From an upper bound on sqrt_two_add_series 0 n = 2 cos (π / 2 ^ (n+1)) of the form sqrt_two_add_series 0 n ≤ 2 - (a / 2 ^ (n + 1)) ^ 2), one can deduce the lower bound a < π thanks to basic trigonometric inequalities as expressed in pi_gt_sqrt_two_add_series.

From a lower bound on sqrt_two_add_series 0 n = 2 cos (π / 2 ^ (n+1)) of the form 2 - ((a - 1 / 4 ^ n) / 2 ^ (n + 1)) ^ 2 ≤ sqrt_two_add_series 0 n, one can deduce the upper bound π < a thanks to basic trigonometric formulas as expressed in pi_lt_sqrt_two_add_series.

This theorem establishes Leibniz's series for π: The alternating sum of the reciprocals of the odd numbers is π/4. Note that this is a conditionally rather than absolutely convergent series. The main tool that this proof uses is the Mean Value Theorem (specifically avoiding the Fundamental Theorem of Calculus).

Intuitively, the theorem holds because Leibniz's series is the Taylor series of arctan x centered about 0 and evaluated at the value x = 1. Therefore, much of this proof consists of reasoning about a function f := arctan x - ∑ i in finset.range k, (-(1:ℝ))^i * x^(2*i+1) / (2*i+1), the difference between arctan and the k-th partial sum of its Taylor series. Some ingenuity is required due to the fact that the Taylor series is not absolutely convergent at x = 1.

This proof requires a bound on f 1, the key idea being that f 1 can be split as the sum of f 1 - f u and f u, where u is a sequence of values in [0,1], carefully chosen such that each of these two terms can be controlled (in different ways).

We begin the proof by (1) introducing that sequence u and then proving that another sequence constructed from u tends to 0 at +∞. After (2) converting the limit in our goal to an inequality, we (3) introduce the auxiliary function f defined above. Next, we (4) compute the derivative of f, denoted by f', first generally and then on each of two subintervals of [0,1]. We then (5) prove a bound for f', again both generally as well as on each of the two subintervals. Finally, we (6) apply the Mean Value Theorem twice, obtaining bounds on f 1 - f u and f u - f 0 from the bounds on f' (note that f 0 = 0).
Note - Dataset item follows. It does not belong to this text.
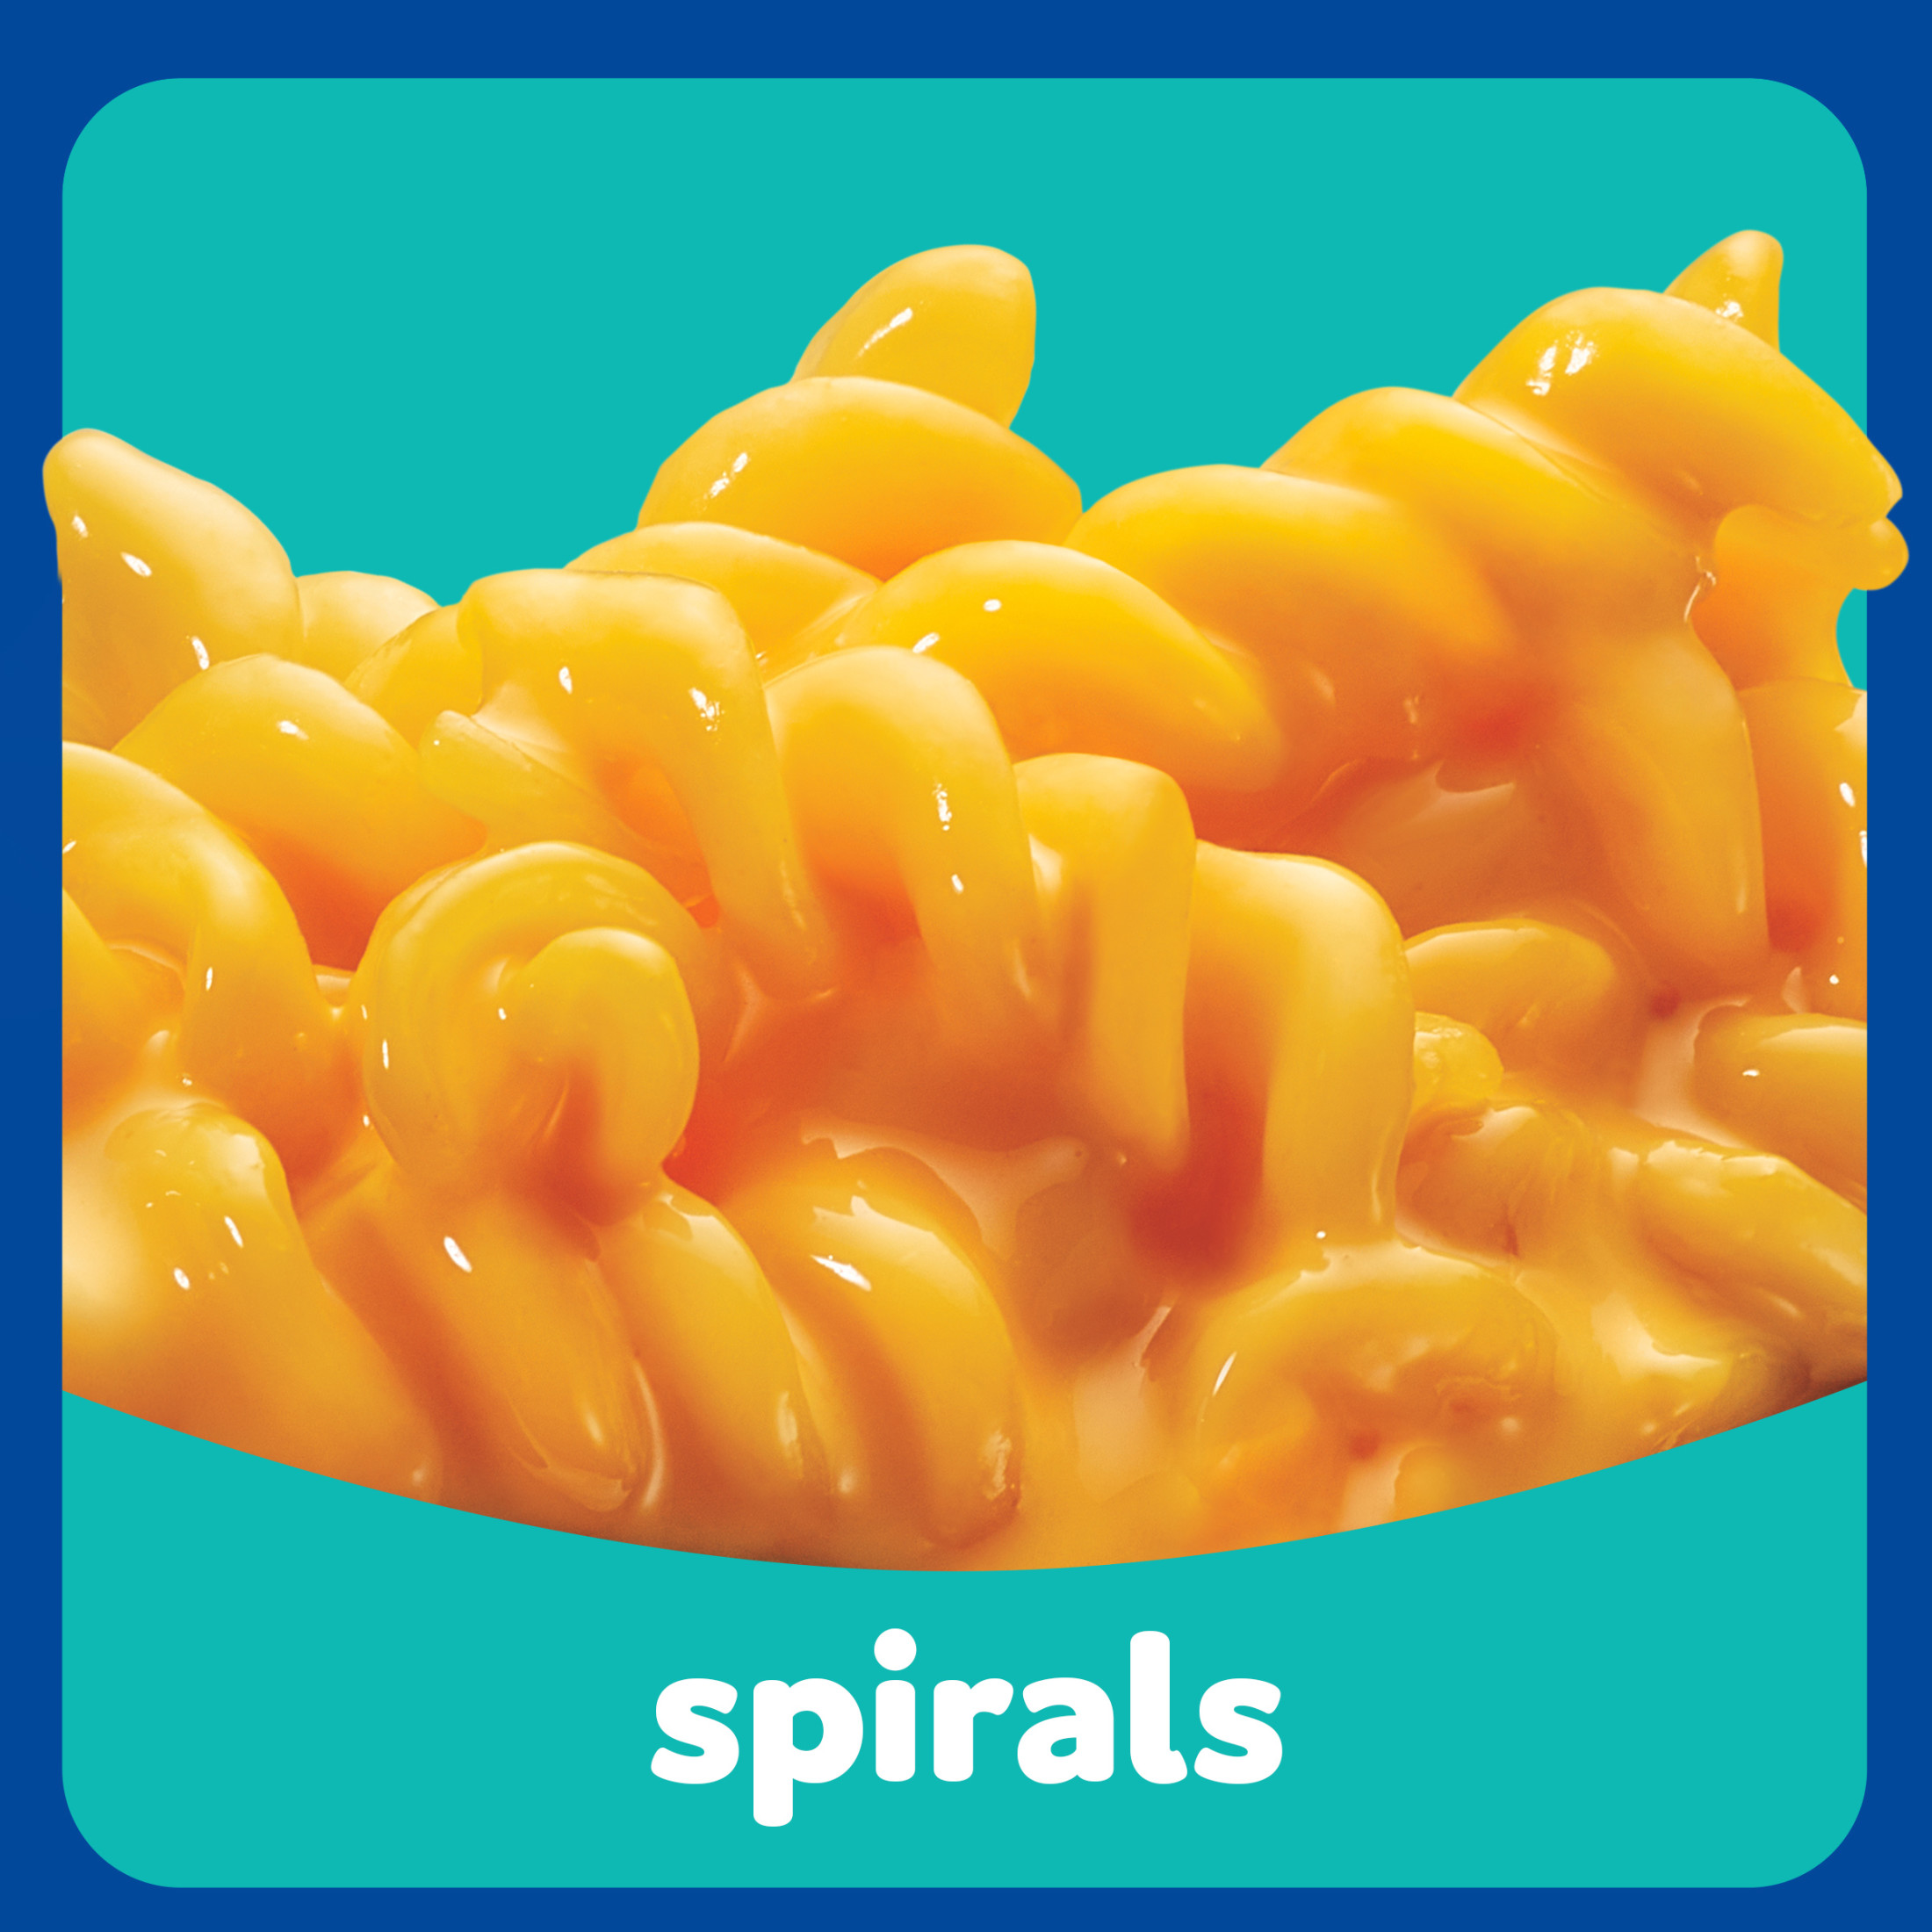 Kraft Spirals Original Mac N Cheese Macaroni and Cheese Dinner, 5.5 oz Box - image 5 of 14

This theorem establishes the Wallis Product for π. Our proof is largely about analyzing the behavior of the ratio of the integral of sin x ^ n as n → ∞. See: https://en.wikipedia.org/wiki/Wallis_product

The proof can be broken down into two pieces. (Pieces involving general properties of the integral of sin x ^n can be found in analysis.special_functions.integrals.) First, we use integration by parts to obtain a recursive formula for ∫ x in 0..π, sin x ^ (n + 2) in terms of ∫ x in 0..π, sin x ^ n. From this we can obtain closed form products of ∫ x in 0..π, sin x ^ (2 * n) and ∫ x in 0..π, sin x ^ (2 * n + 1) via induction. Next, we study the behavior of the ratio ∫ (x : ℝ) in 0..π, sin x ^ (2 * k + 1)) / ∫ (x : ℝ) in 0..π, sin x ^ (2 * k) and prove that it converges to one using the squeeze theorem. The final product for π is obtained after some algebraic manipulation.